At the time of writing we've had over 895k pageviews on the gallery, and with all the free downloads - I'm confident that the brand reach of the Cambridge Half marathon has hit every social channel for everyone in East Anglia, along the A14 corridor and up and down the A1 corridor - very very thoroughly !
So yes - very happy with the job done, and also very proud of the work my team did on the day, Especially my no-so-kids #proudDad.
https://www.brentwoodhalf.org/
Next weekend is the Brentwood Half marathon - sold out again and looking to be a great event as ever - and hopefully not cold and not raining !!
And my apologies to all and everyone in the National Cross Country Championships - the sponsors changed from Saucony, and the new ones (who will remain nameless, because why should I promote them?) hadn't any sort of a budget for participant photography and free downloads. First question posted by someone else on their facebook event page was "are pic2go [ed:thats us and our tech that is] covering it again this year ?". I think they now know they might have missed a trick.

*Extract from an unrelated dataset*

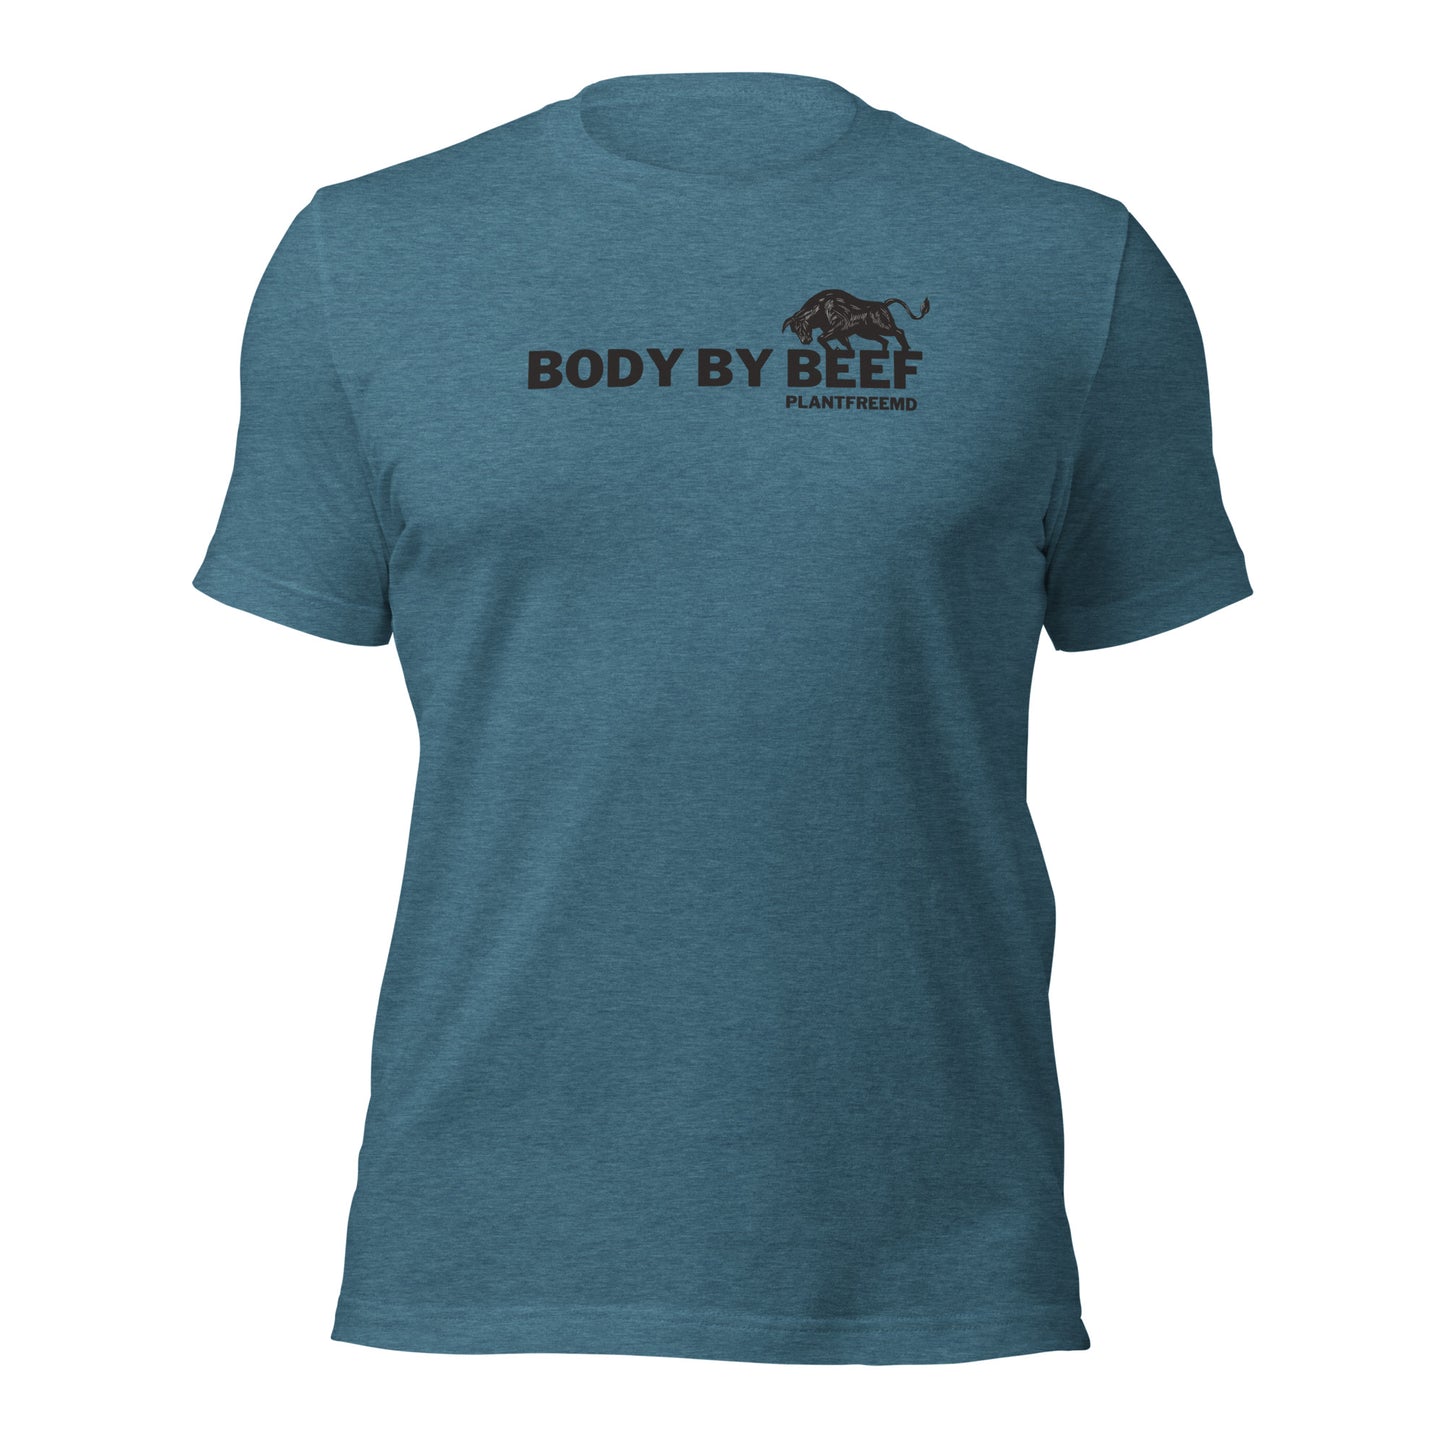 Body By Beef 2 Unisex T-shirt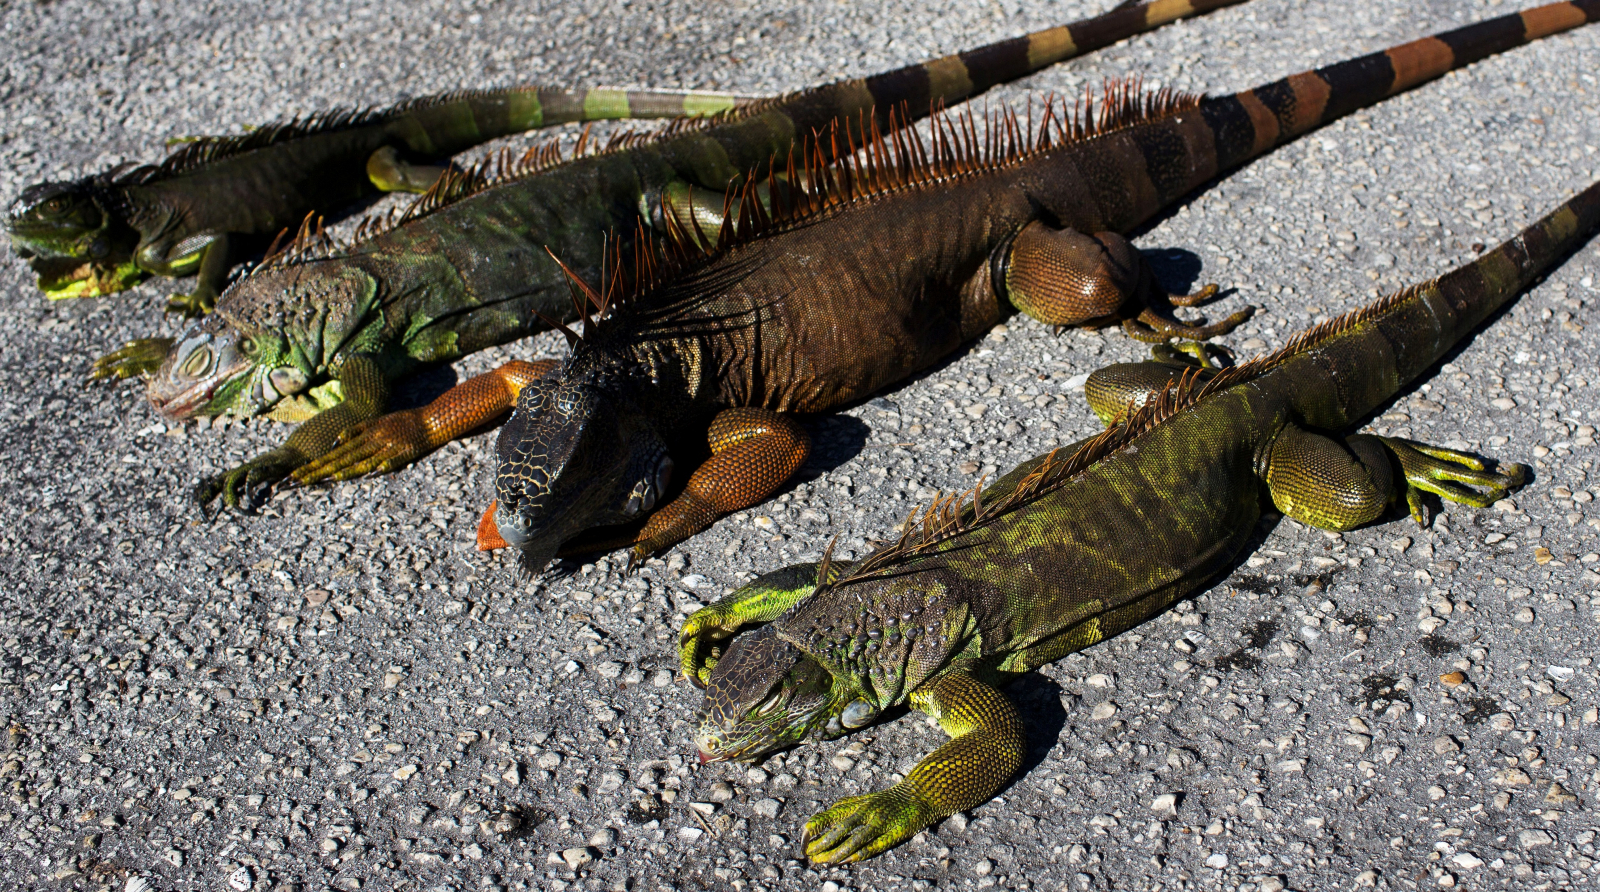 Frozen iguanas falling from trees in Florida due to extreme weather conditions

There's more detail, suffice to say we tried - sorry ! Also whilst we're on these topics, we also lost the contract to cover the Macmillan Mighty Hikes, which with over 1.71 million images for the series online, and having provided over 109,000 participants with their fundraising memories across 87 Mighty Hikes, since 2018 - is something we're very proud of having helped them achieve, growing the event and brand from just 6 initial events a year to 15 weekends last year - many including half marathons on the sunday for a two day weekend.
To say the Mighty Hikes going has left a very large hole in our calendar for the second part of the year. Since covid we haven't been re-filling the pipeline of events with new work as dilligently as we should have. And to be honest - the Hikes were extremely busy - almost two months solid without a rest day. Our capacity to do other work or even research other work was severely hindered. Meanwhile - technology and online platforms have all moved on and changed. We need to too. Change is hard. Let's see what happens.
One of the more interesting trends in the charity marketplace is to see that four major charities are now doing marathon or half marathon hikes - and advertising aggressively - simply because justgiving has pointed out the mighty hikes continue to be their number one fundraising events. Cancer research, Altzheimers, and British heart foundation are all looking at similar activities - all in very similar locations, all using similar wording to promote themselves and cause confusion in the consumer arena.
check this list out and spot the differences: https://www.bhf.org.uk/how-you-can-help/events/walks-and-treks?eventType=walks-and-hikes&sort=0
So the world moves on, the competitive nature of charity fundraising and cost-cutting continues, things are tough out there. We are going to take a breather, dry out and see what's occuring.
High five for a job well done in testing conditions |
So hopfully see you at the Brentwood Half, and then after that in April - the Southampton full, half and 10k will be a great days running to be had too.